== WHAT IS REQUIRED ==
The reply should reproduce every line of the data below word for word, minus any images.

== PROVIDED DATA ==
# # # # #

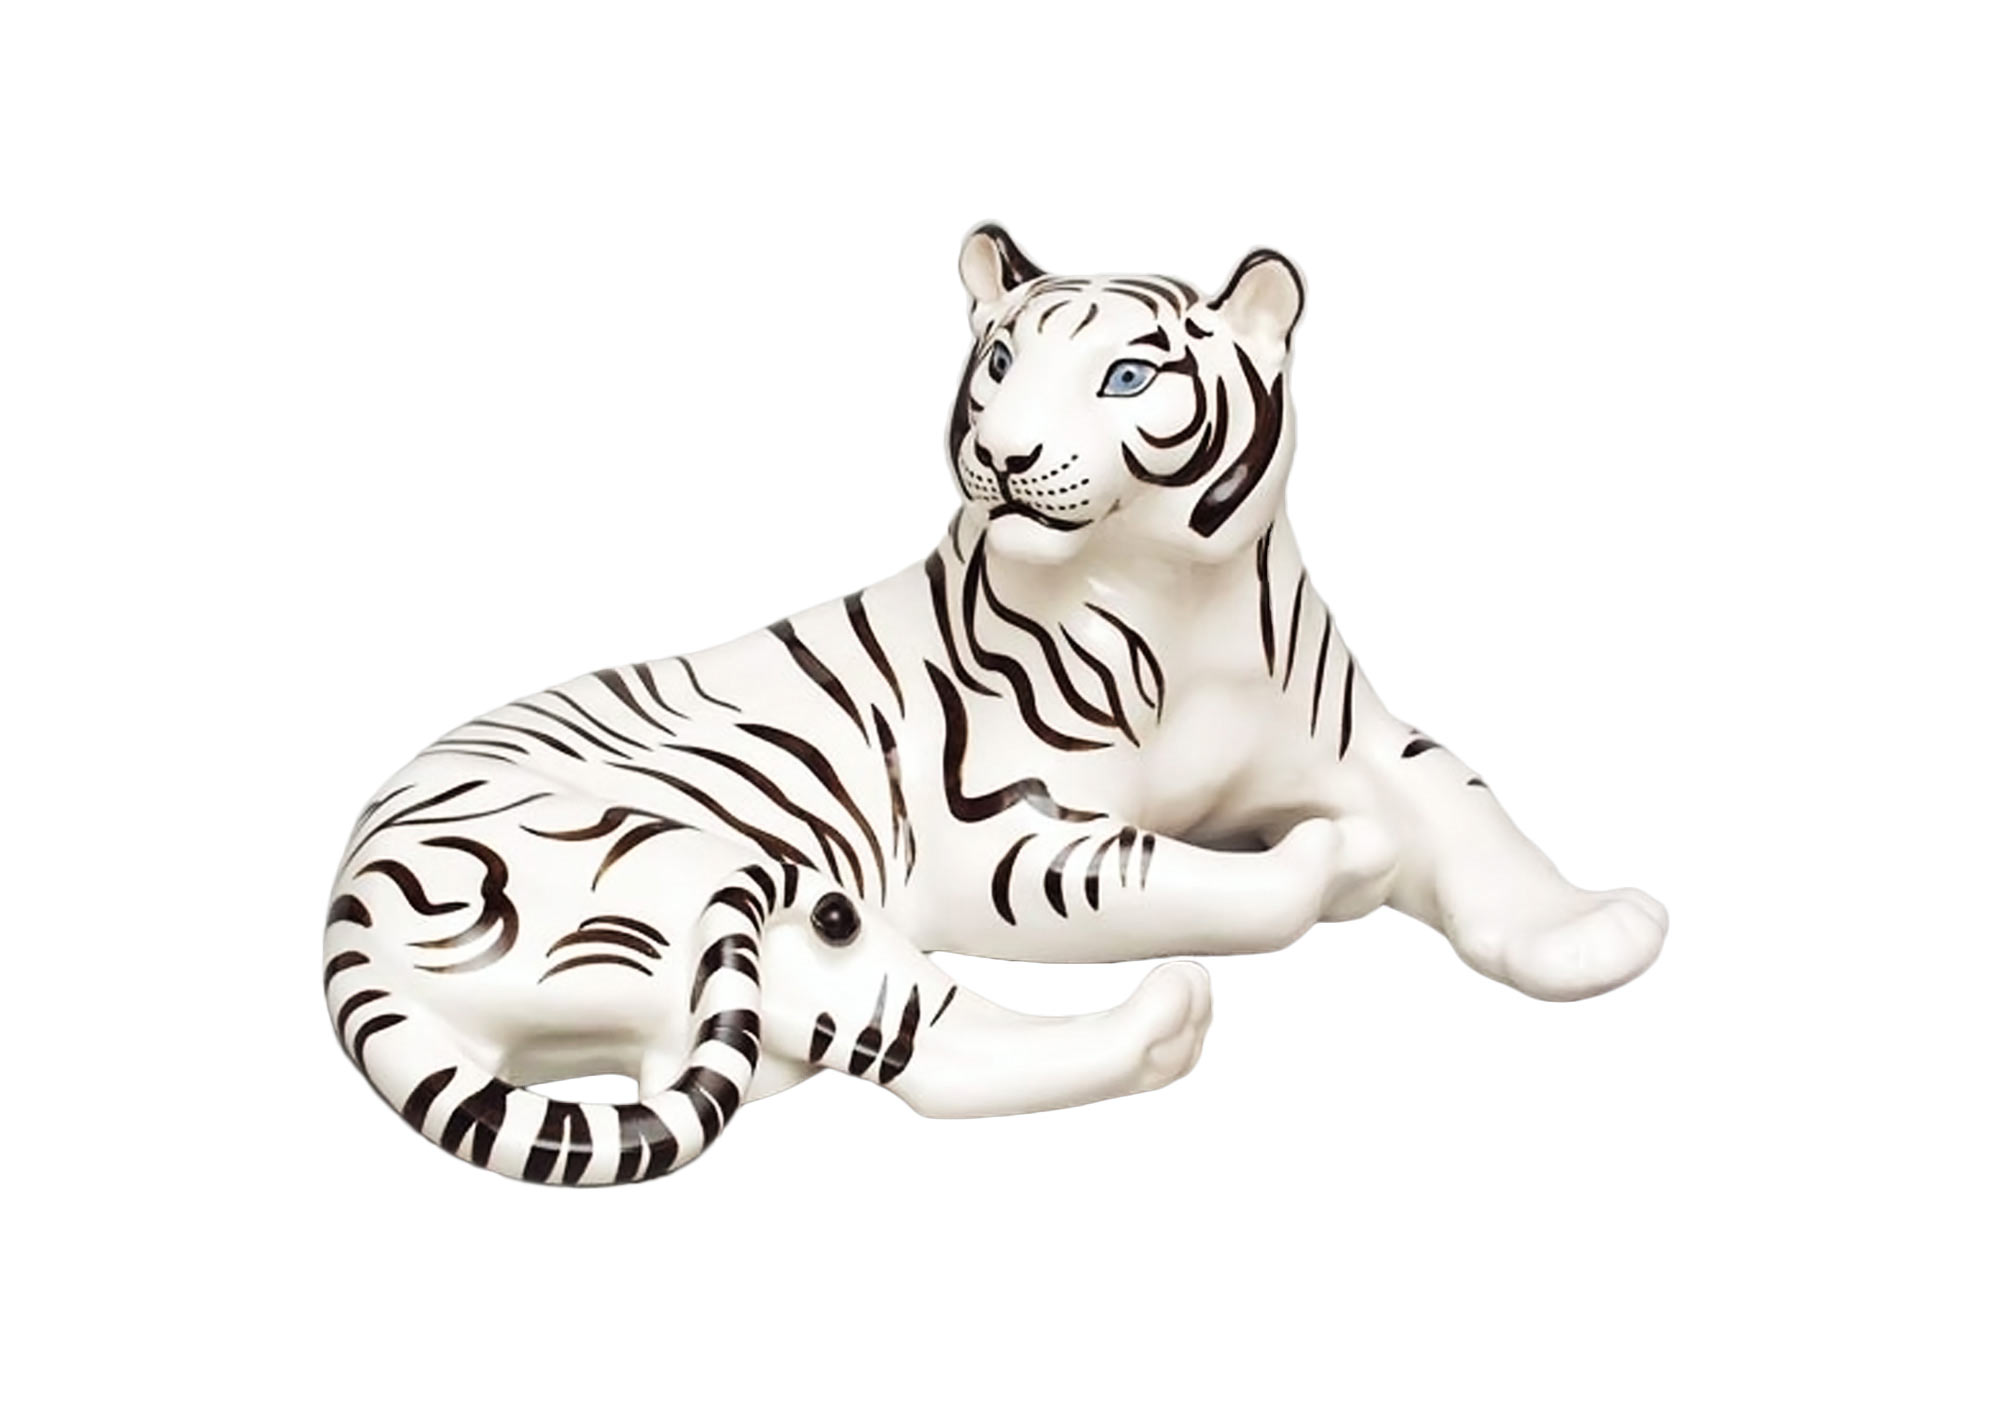 Buy White Tiger Sculpture at GoldenCockerel.com
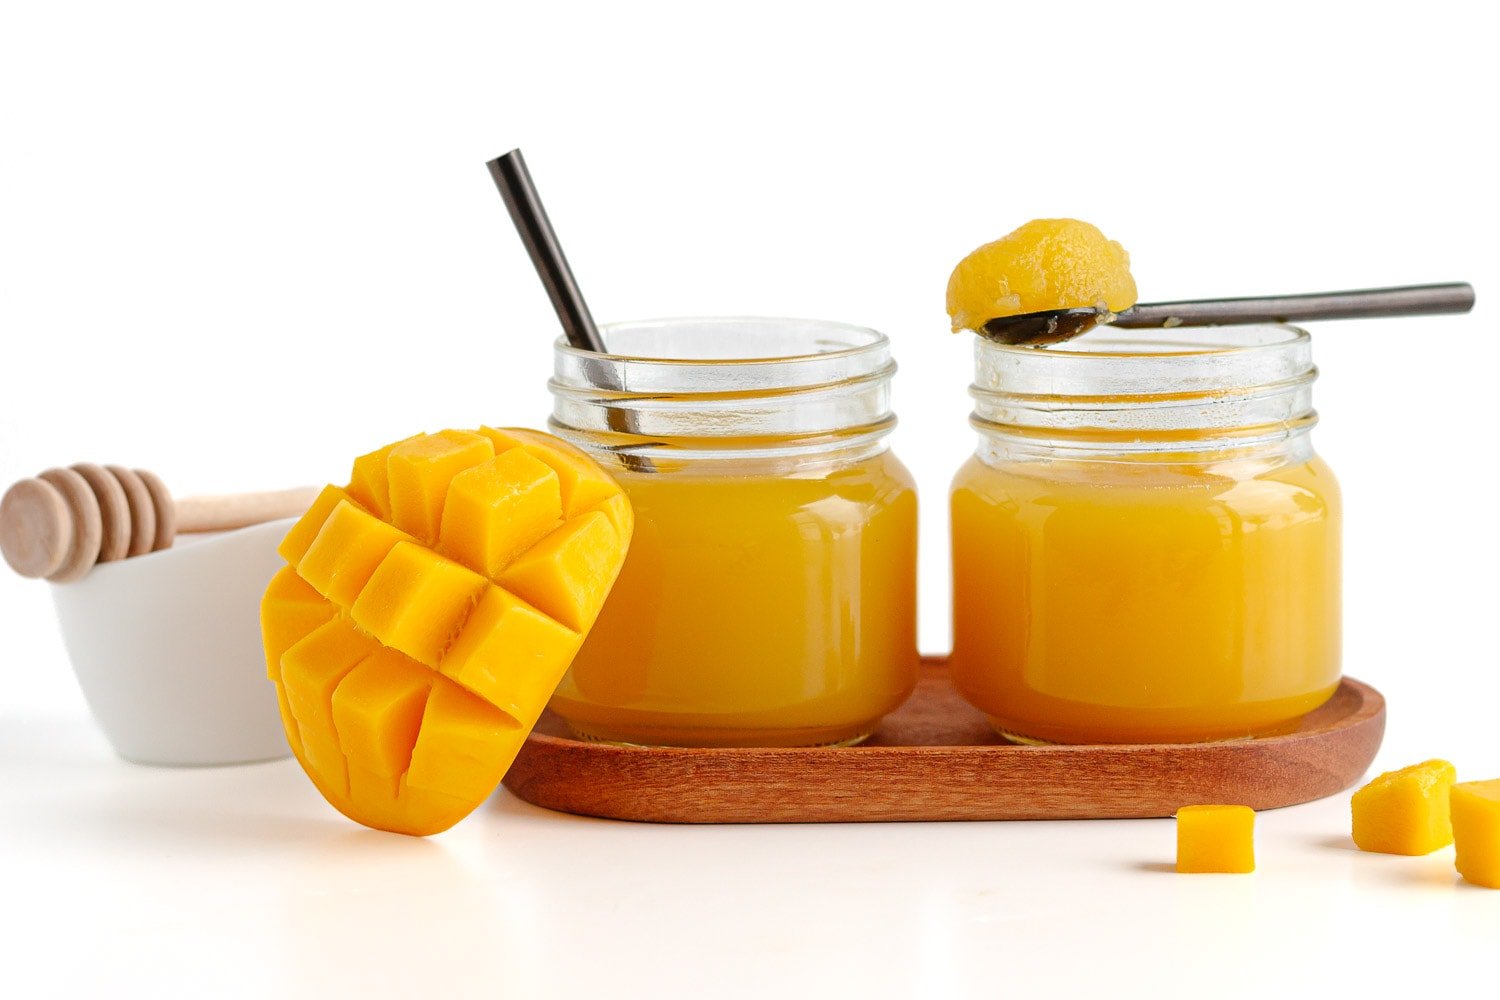 Homemade mango jello in 2 glass jars next to some sliced fresh mango and a small honey bowl.
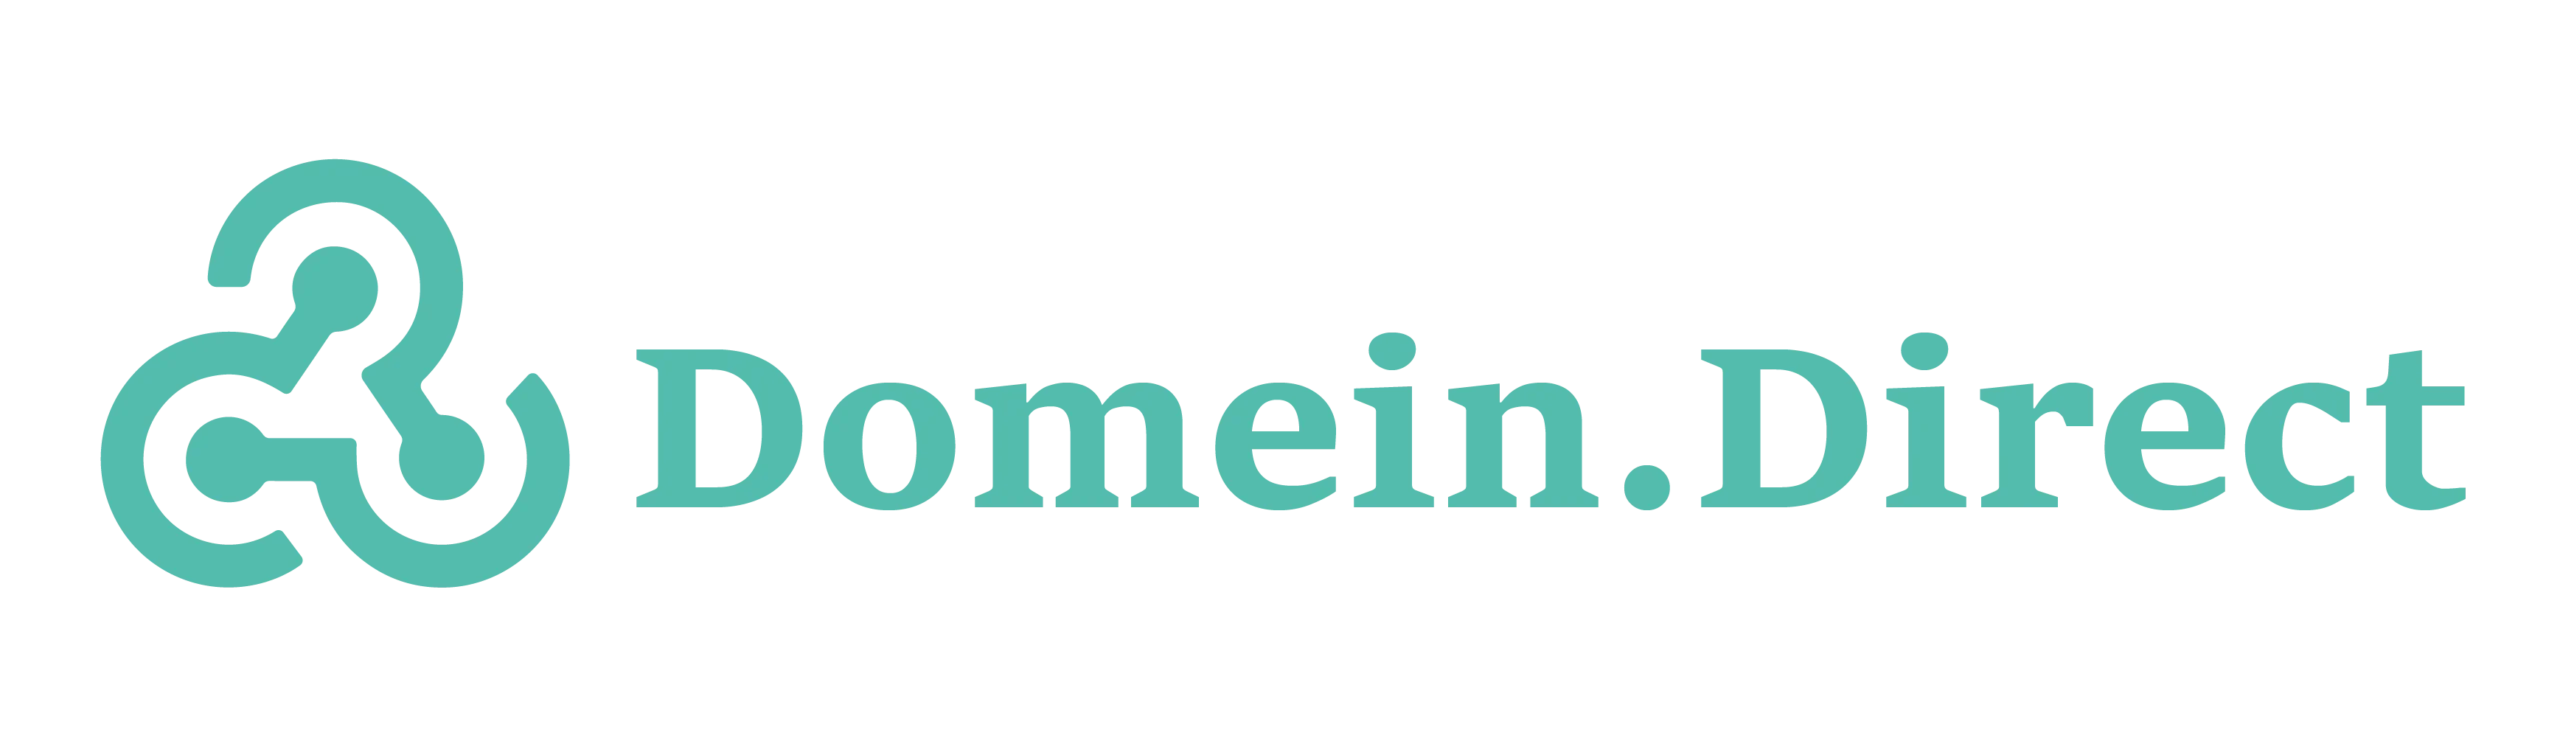 Domein direct logo

# # # # #

== ANSWER SECTION ==
 Buy White Tiger Sculpture at GoldenCockerel.com
 Homemade mango jello in 2 glass jars next to some sliced fresh mango and a small honey bowl.
 Domein direct logo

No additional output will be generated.